# [Task to carry out]
Write out each line of the material exactly as given, and drop the images.

# [Data shown]
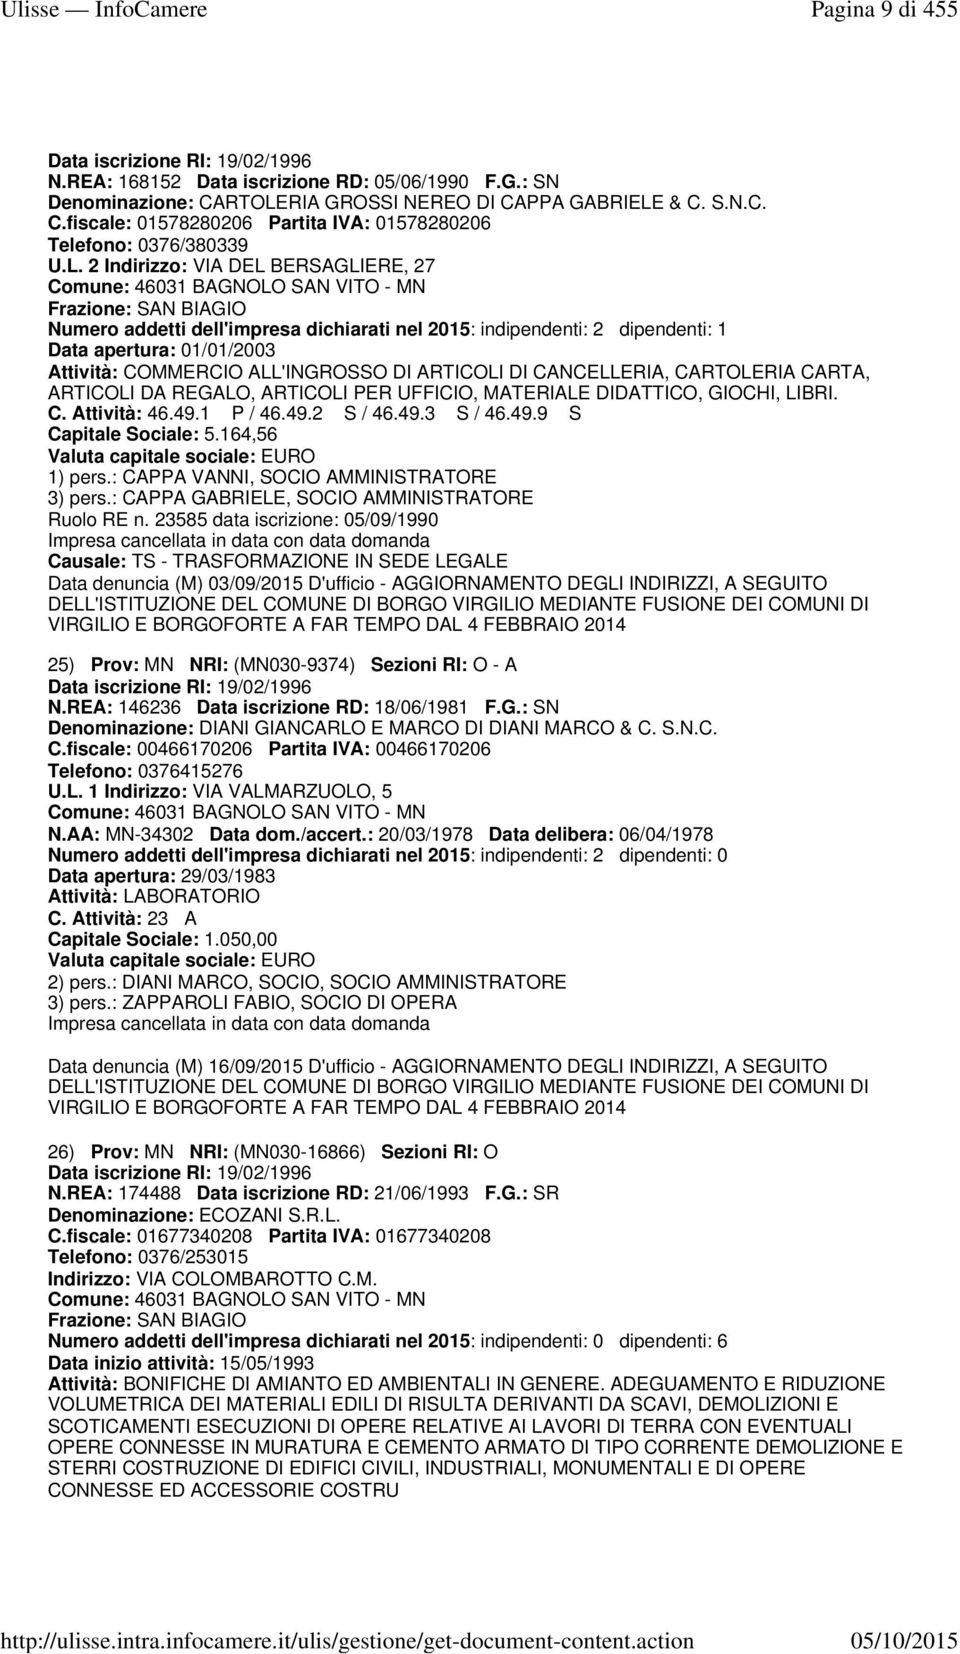 01/01/2003 Attività: COMMERCIO ALL'INGROSSO DI ARTICOLI DI CANCELLERIA, CARTOLERIA CARTA, ARTICOLI DA REGALO, ARTICOLI PER UFFICIO, MATERIALE DIDATTICO, GIOCHI, LIBRI. C. Attività: 46.49.1 P / 46.49.2 S / 46.
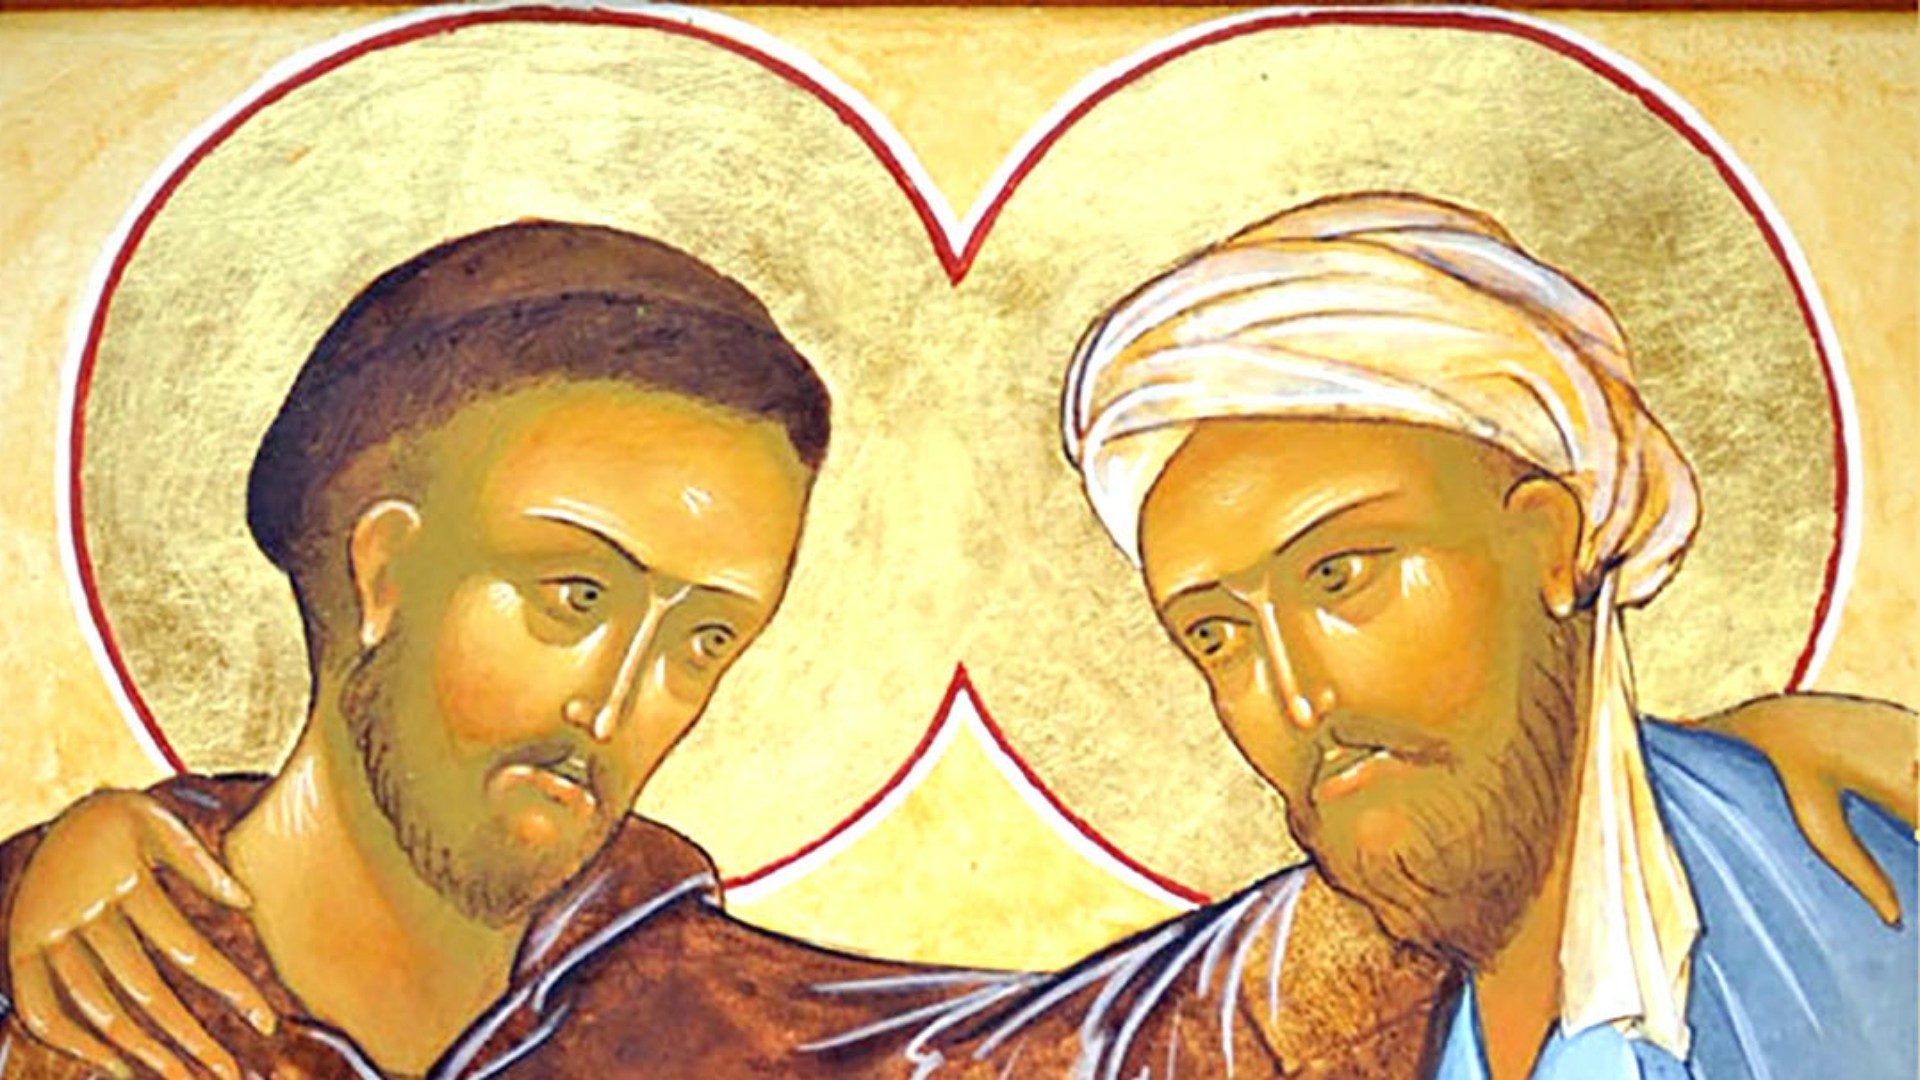 Quand saint François rencontrait le sultan al-Kamil en 1219. Icône originale: Fr. Stéphane/monasteredugairire.org/DR)
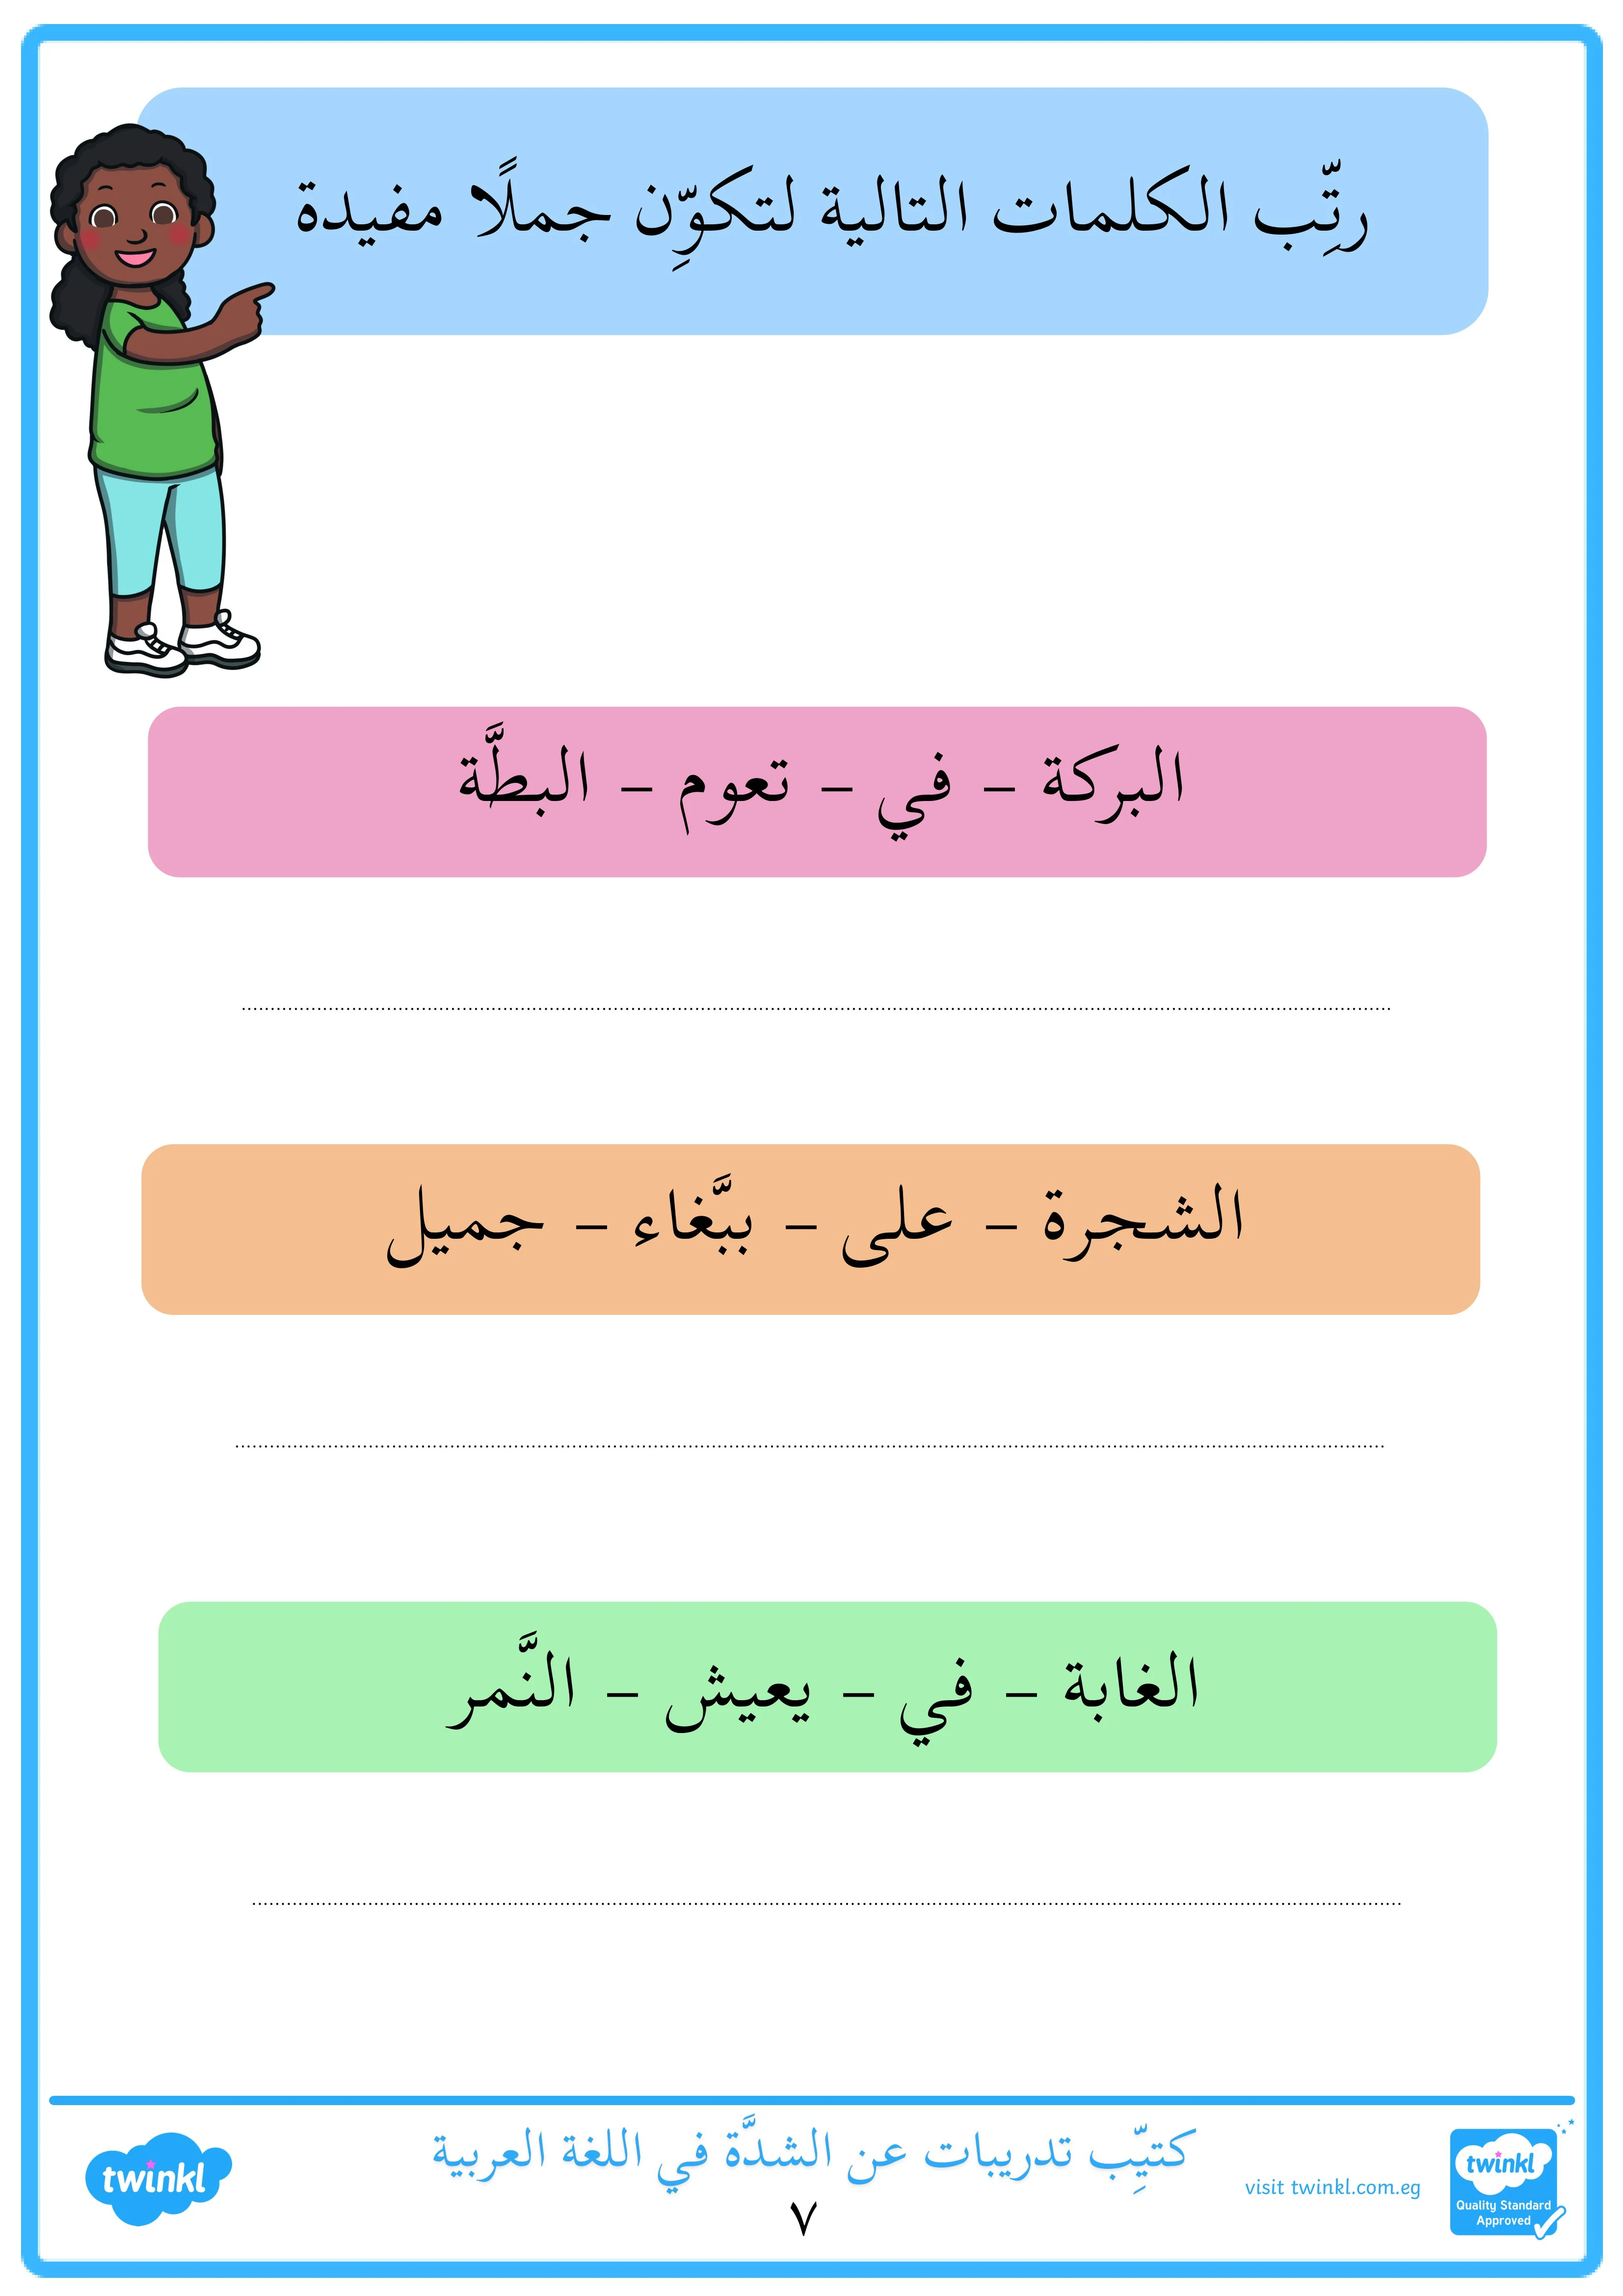 كتيب تدريبات عن الشدة في اللغة العربية pdf تحميل مباشر مجاني
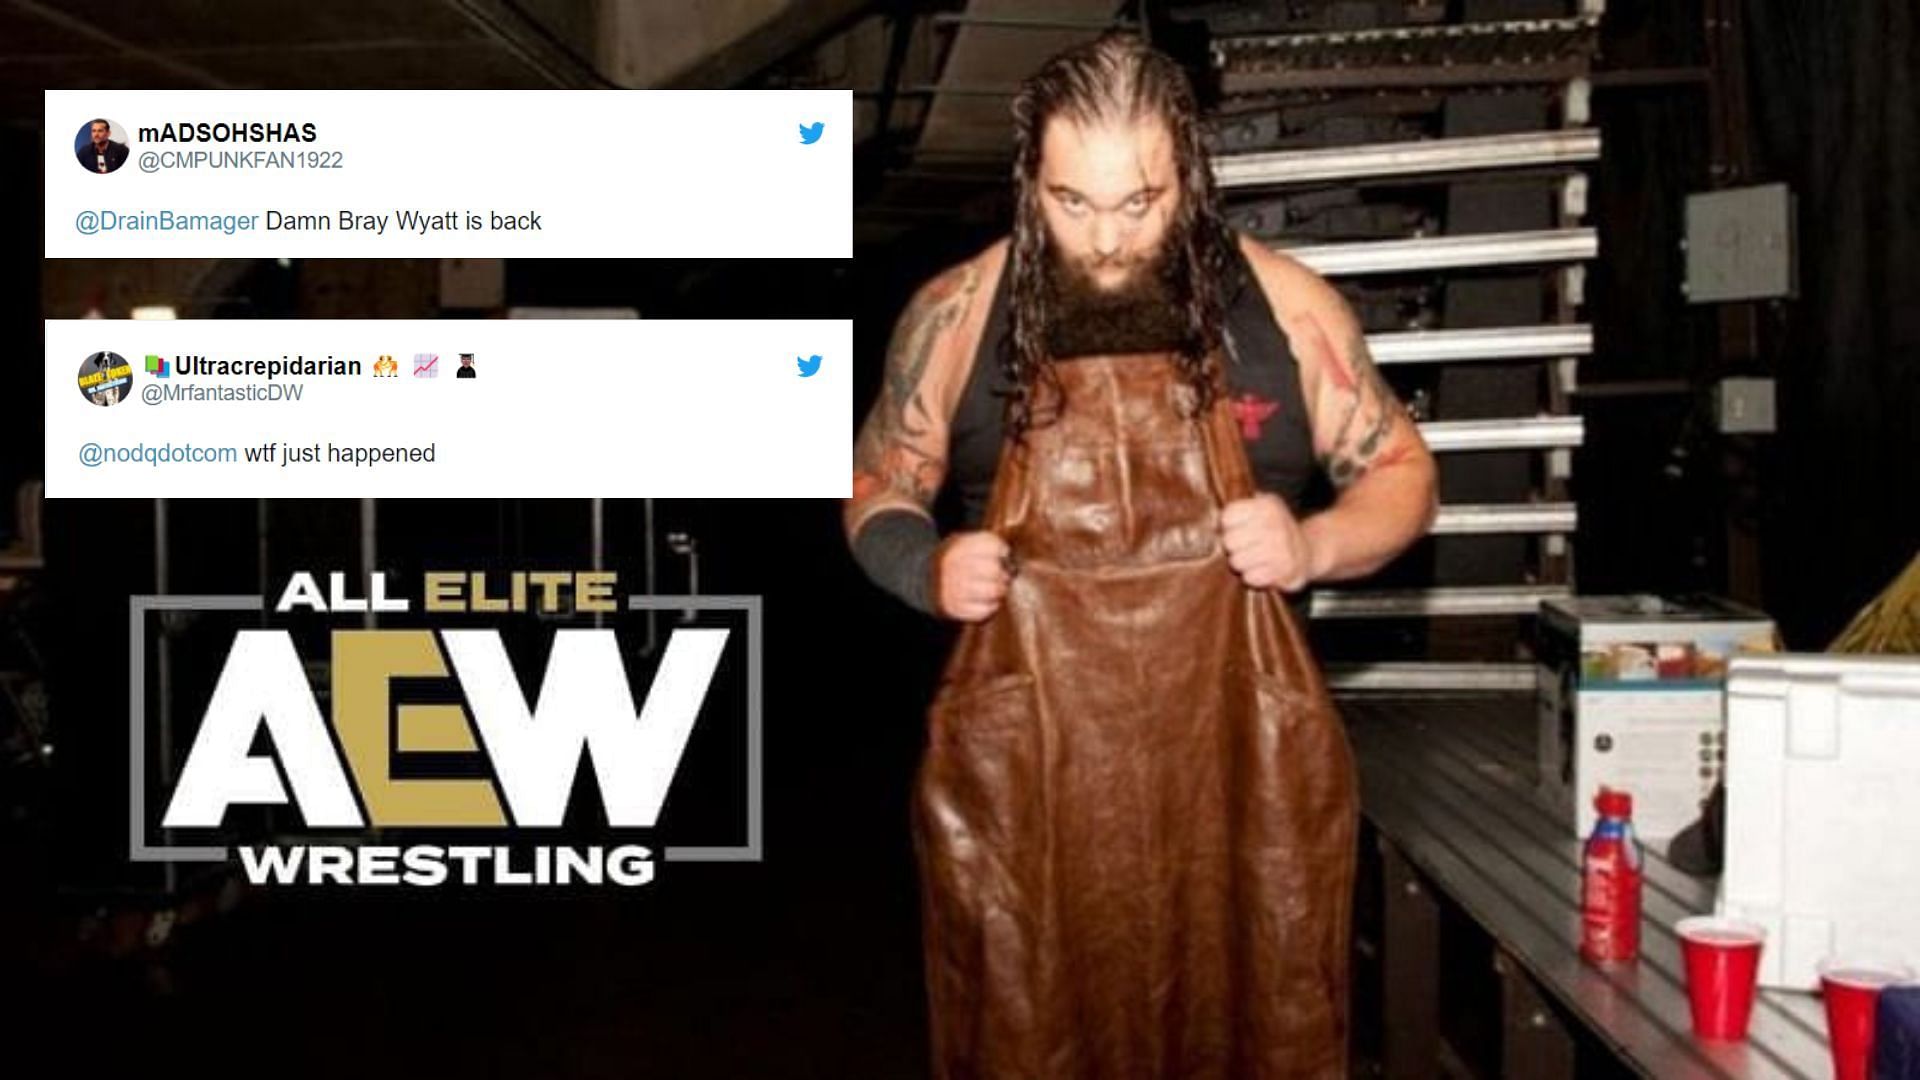 Bray Wyatt is a former WWE Champion

# [Task output]
 01/01/2003 Attività: COMMERCIO ALL'INGROSSO DI ARTICOLI DI CANCELLERIA, CARTOLERIA CARTA, ARTICOLI DA REGALO, ARTICOLI PER UFFICIO, MATERIALE DIDATTICO, GIOCHI, LIBRI. C. Attività: 46.49.1 P / 46.49.2 S / 46.
 Quand saint François rencontrait le sultan al-Kamil en 1219. Icône originale: Fr. Stéphane/monasteredugairire.org/DR)
 كتيب تدريبات عن الشدة في اللغة العربية pdf تحميل مباشر مجاني
 Bray Wyatt is a former WWE Champion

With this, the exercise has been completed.